Machine Learning Part 1: Supervised Learning and Neural Networks

projectimage

📚 Machine Learning Series

2️⃣ Part 2: Randomized Optimization for Neural Nets and Classic Problems
3️⃣ (Coming soon)
4️⃣ (Coming soon)

In the primary Machine Learning course, we explored various algorithms via experimental analysis on two datasets — white wine and abalone. Below is an overview of my analysis on supervised learning algorithms.

Choosing Datasets

The popular wine quality score dataset I chose is based on a chemical analysis of wines grown in Italy — and the resulting user "quality" scores — scored from 0 to 10. Key attributes of the wine dataset include the amounts of:

alcohol, malic acid, magnesium, phenols, and flavonoids.

The idea of choosing a dataset like this is that it's a simple classification problem that's well-suited for determining if chemical constituents of wine can predict quality scores. The wine industry is worth billions in California alone, and if wine producers can find out what chemical constituents produce higher quality wines (at least in the minds of customers), then they likely will.

The other dataset I used was a modified version of the abalone age dataset — the idea being to predict the age of an abalone based on physical measurements such as:

length, diameter, shucked weight, and gender.

The actual age of the animal is determined by counting the numbers of rings — however, this is a time-consuming process that requires a microscope. Therefore, the goal of this dataset is to see if there's a better proxy attribute to use to count rings.

Binary classification of wine quality scores, where 0 to 5 is 'bad' and 6 to 9 is 'good'.

Algorithm Analysis

The code itself is basically searching all possible hyperparameters of each algorithm to find optimal results. I used sklearn's GridSearchCV function, which searches over a specified range of hyperparameters, finding the optimal hyperparameter combination.
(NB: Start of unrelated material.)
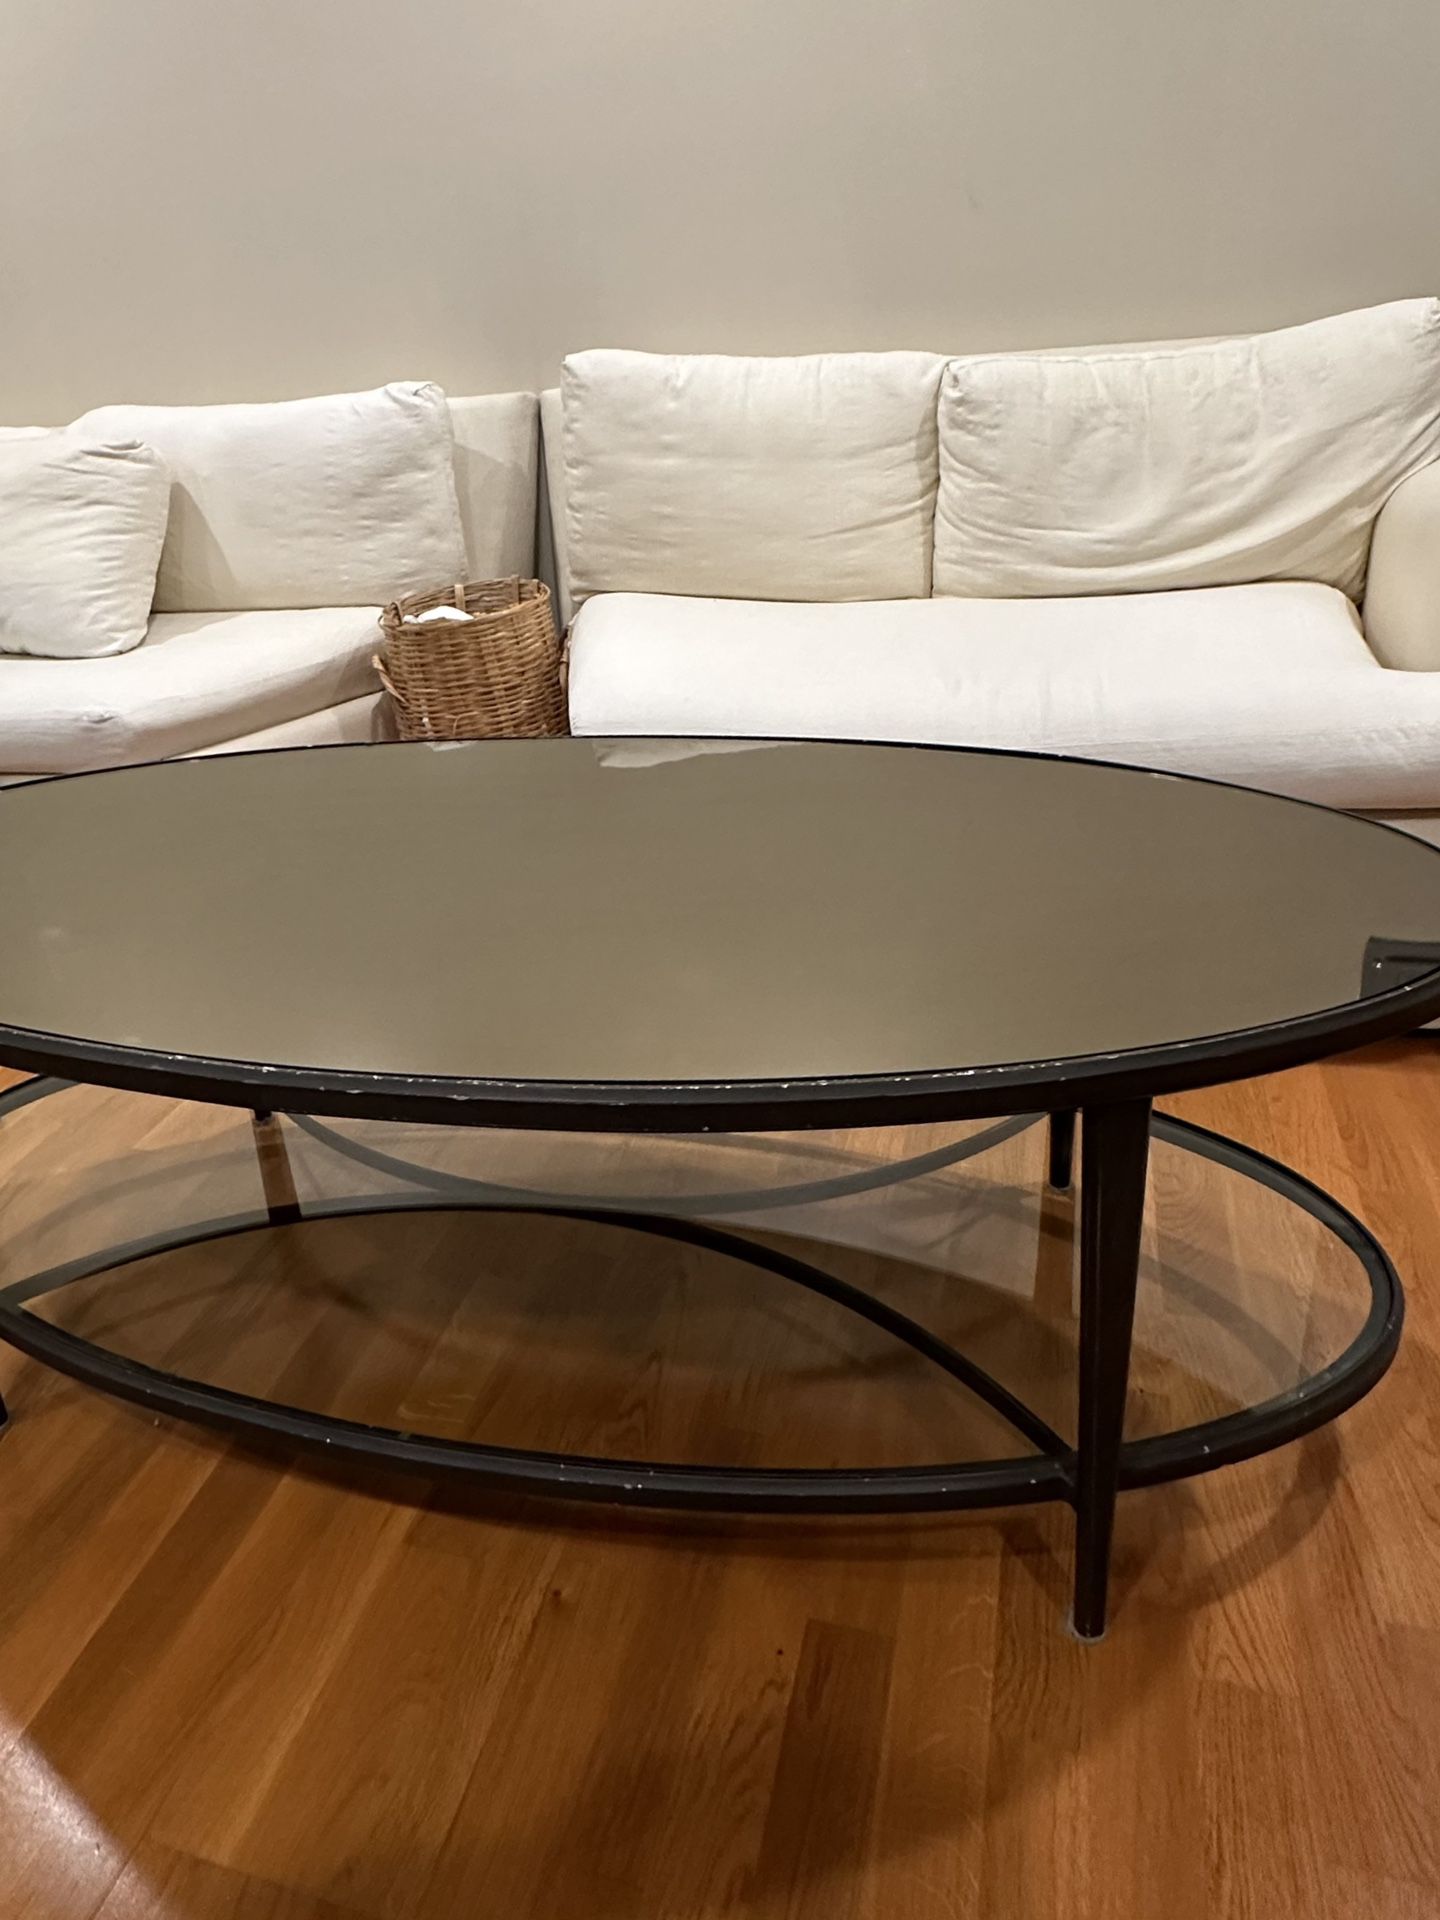 Oval Smoked Glass Mirror Table

The code splits the data into a 70/30 train/test split, normalizes it to a standard scale, performs 5-fold cross-validation on the 70% training data for each hyperparameter combination, and finally calculates the average cross-validation score among the 5 folds. The best 5-fold cross-validation score from our grid search lets us know what the optimal hyperparameters are.
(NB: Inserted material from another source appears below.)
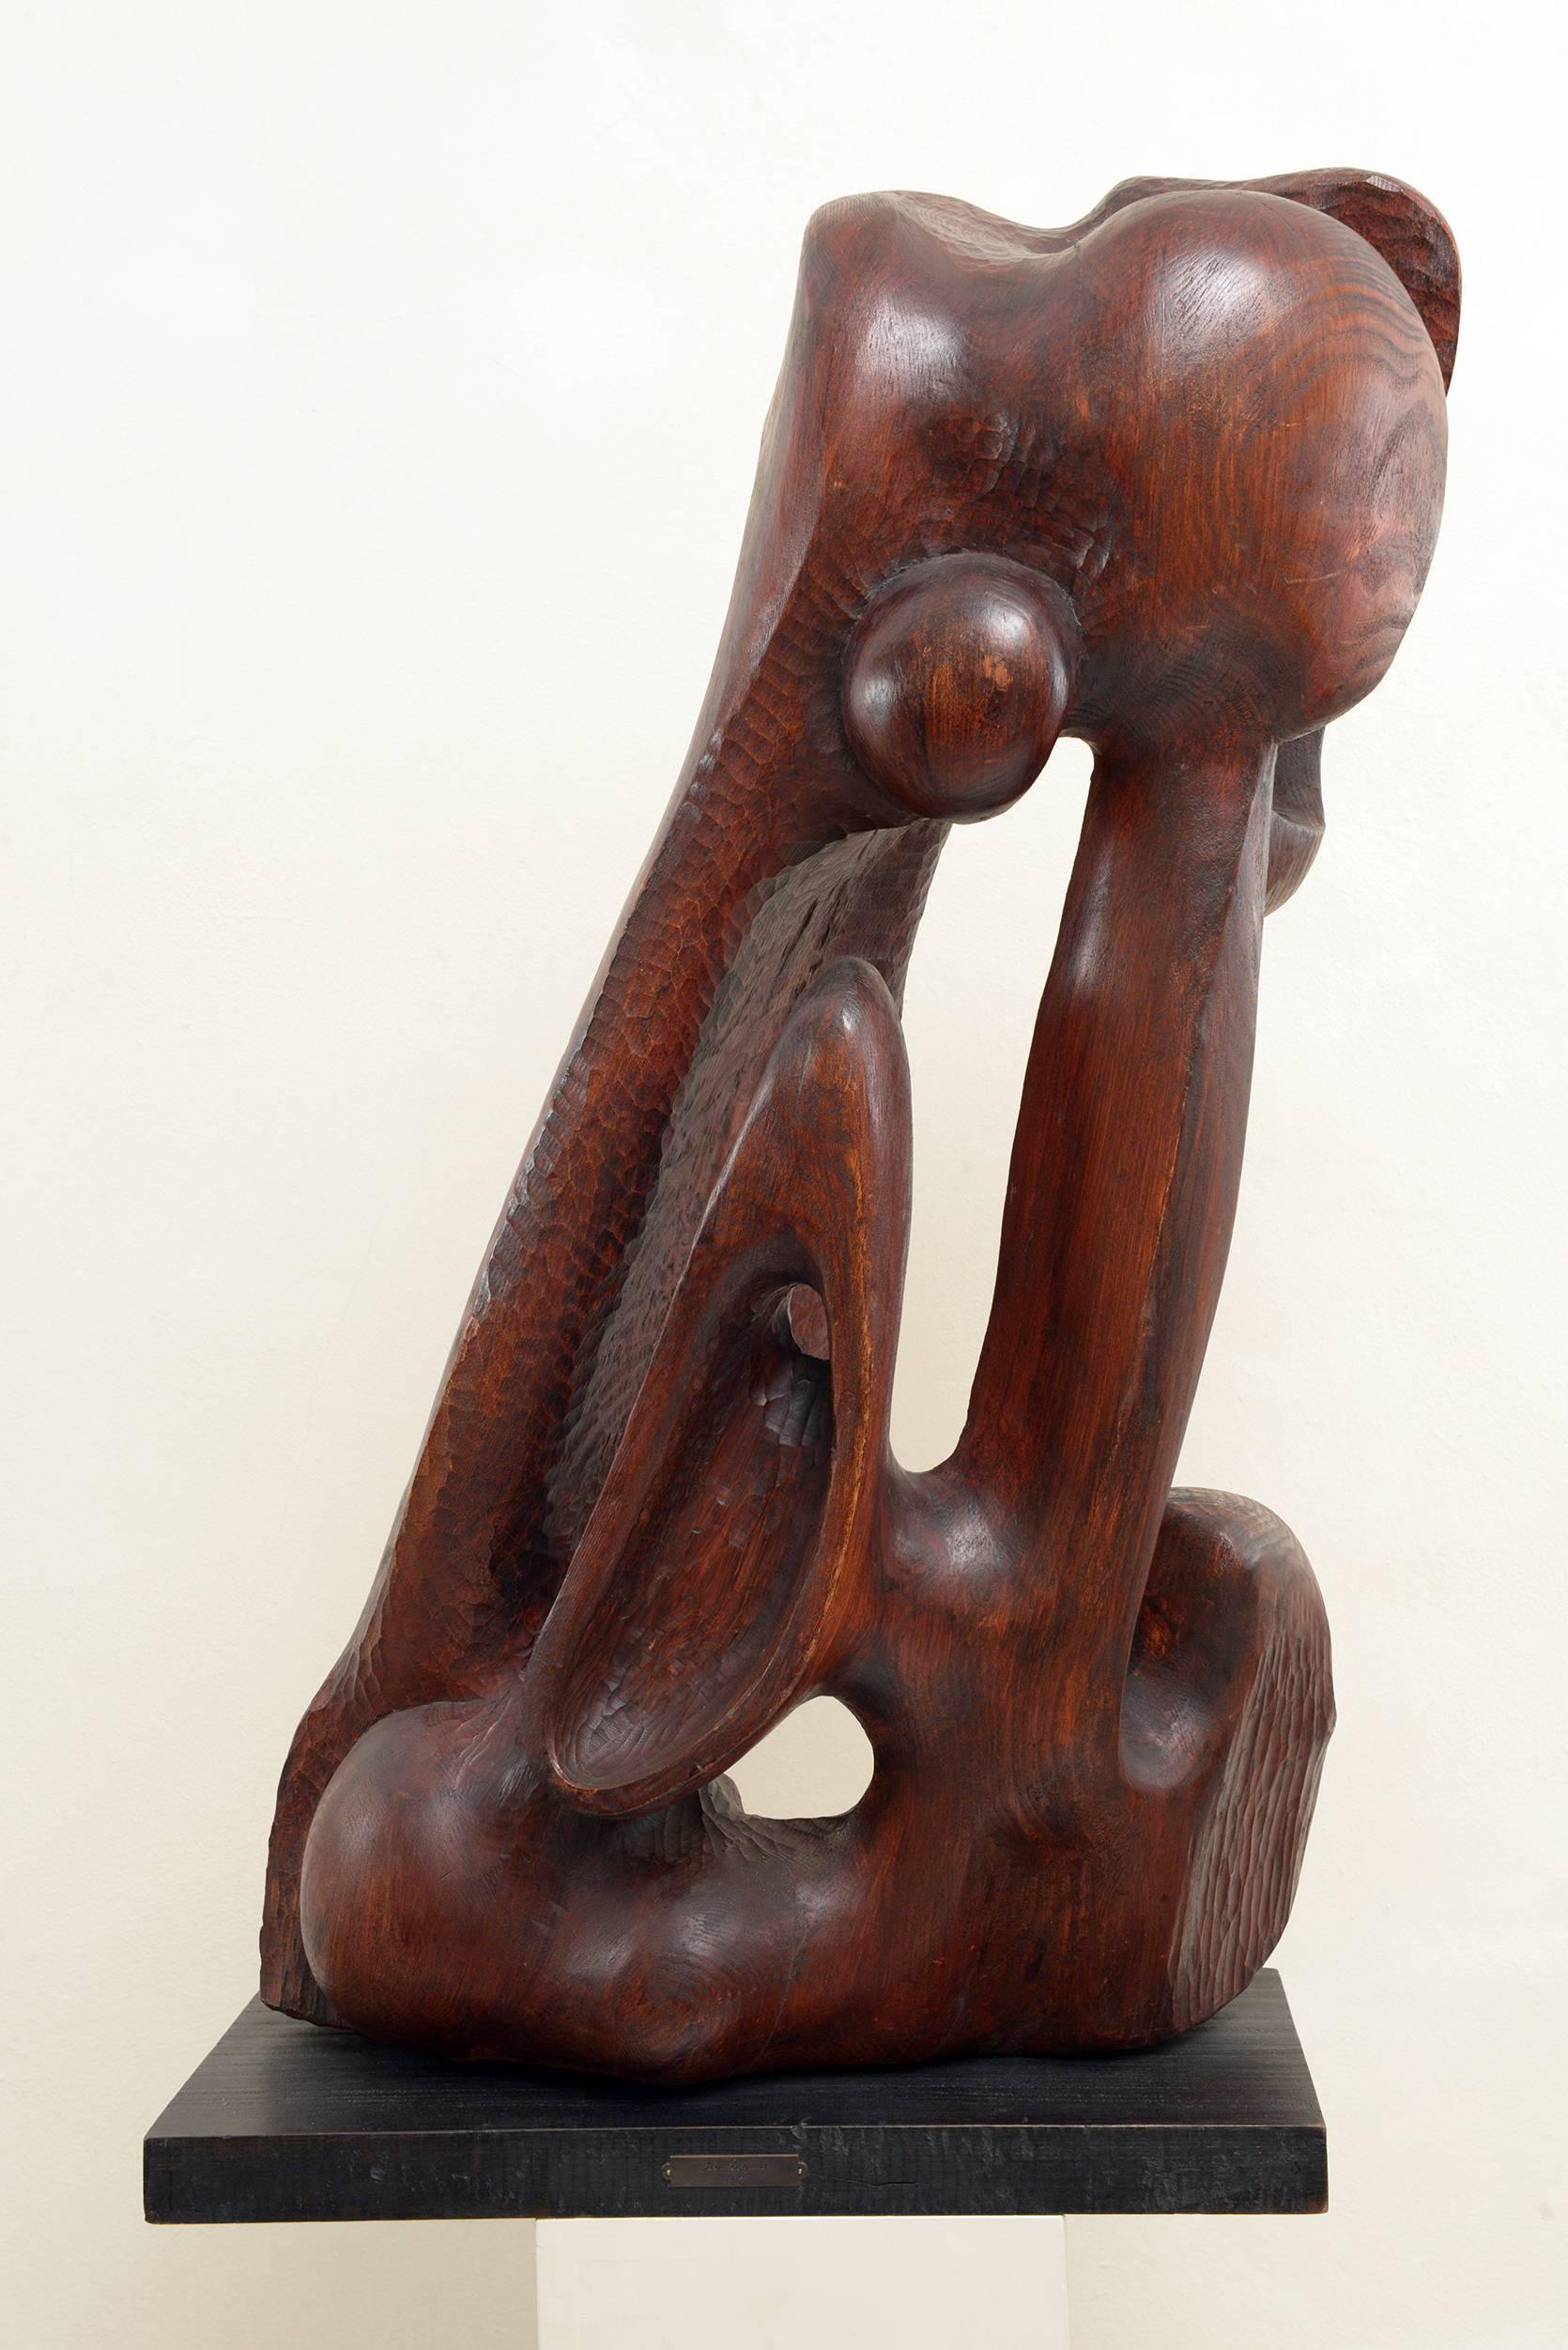 Solid big piece of wood sculptured, abstract subject, wood base to. Signed and dated 1967.

With the optimal hyperparameters, I can use these settings on the 30% held-out test set for each different supervised algorithm and determine which algorithm would perform the best for solving the central idea of each dataset (predicting quality or predicting age).

Supervised

In the supervised assignment, I looked at K-Nearest Neighbors, Decision Trees, Artificial Neural Networks, Boosting, and Support Vector Machines.

K-Nearest Neighbors (KNN)

KNN is a simple instance-based algorithm that simply looks at the k nearest points in feature space. For classification, this is simply a vote or choosing the mode of the neighbors' classes, whereas in a regression setting this would be the weighted mean. Some of the hyperparameters chosen for KNN include k, distance functions (Manhattan, Euclidean, and Chebyshev), and whether we weight each neighbor equally or by its distance to the point.
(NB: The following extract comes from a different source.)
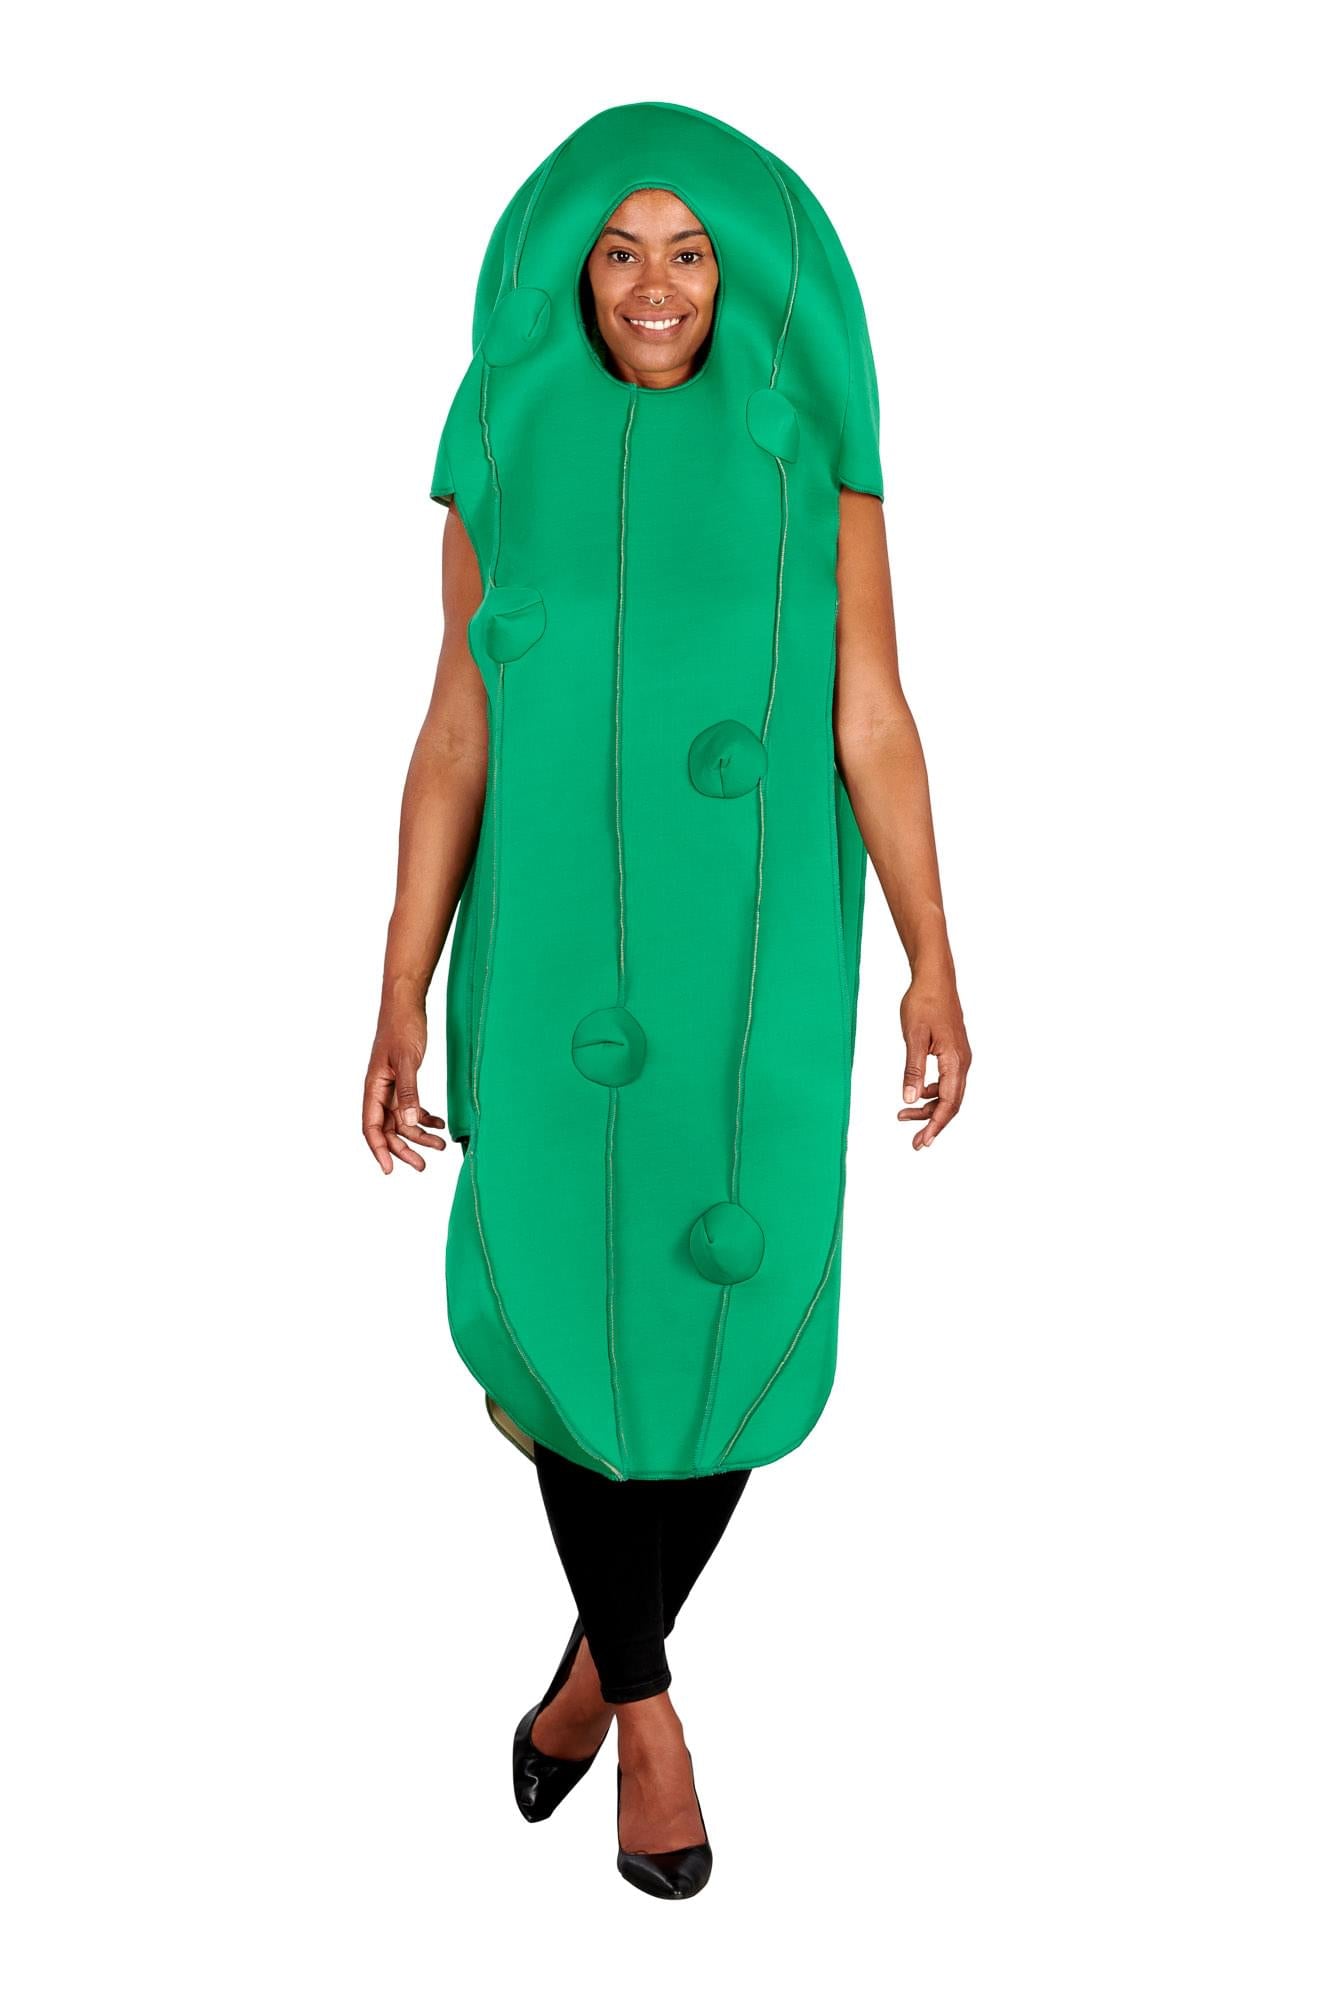 Pickle Adult Costume | One Size

Simple view of KNN classification

As seen in one of the convergence curves where the train and test were plotted against our value of k, we can see the bias-variance tradeoff at work. For low k values, we have a high variance situation with a highly complex model that only really works for training data — the model is not "general" enough. An intuitive way to think about this is if we have an outlier "good" wine classification in a normally "bad" wine region of space, if we have k=1, points around that outlier may be labeled incorrectly.

Train and Test scores vs K — with an optimal k at about 25

As we increase the value of k, it can be thought of as smoothing out the decision surface — which will decrease variance and increase bias. Increasing k too far leads to the opposite scenario — a high bias situation. It's all about finding the right balance point.

Decision Trees

In contrast to KNN, a decision tree is an eager learner as it builds the model on the training data first. Decision trees ask yes or no questions on features to determine which direction to branch. The final leaf node contains the prediction class. Decision trees work well with good splits of the data. In order to measure the quality of splits, I ran Entropy and Gini Index in the hyperparameter grid search. Some decision tree algorithms only look one move ahead to determine the current root of the tree — this is generally okay but usually not the most optimal. You usually want good splits at the top, which leads to shorter trees.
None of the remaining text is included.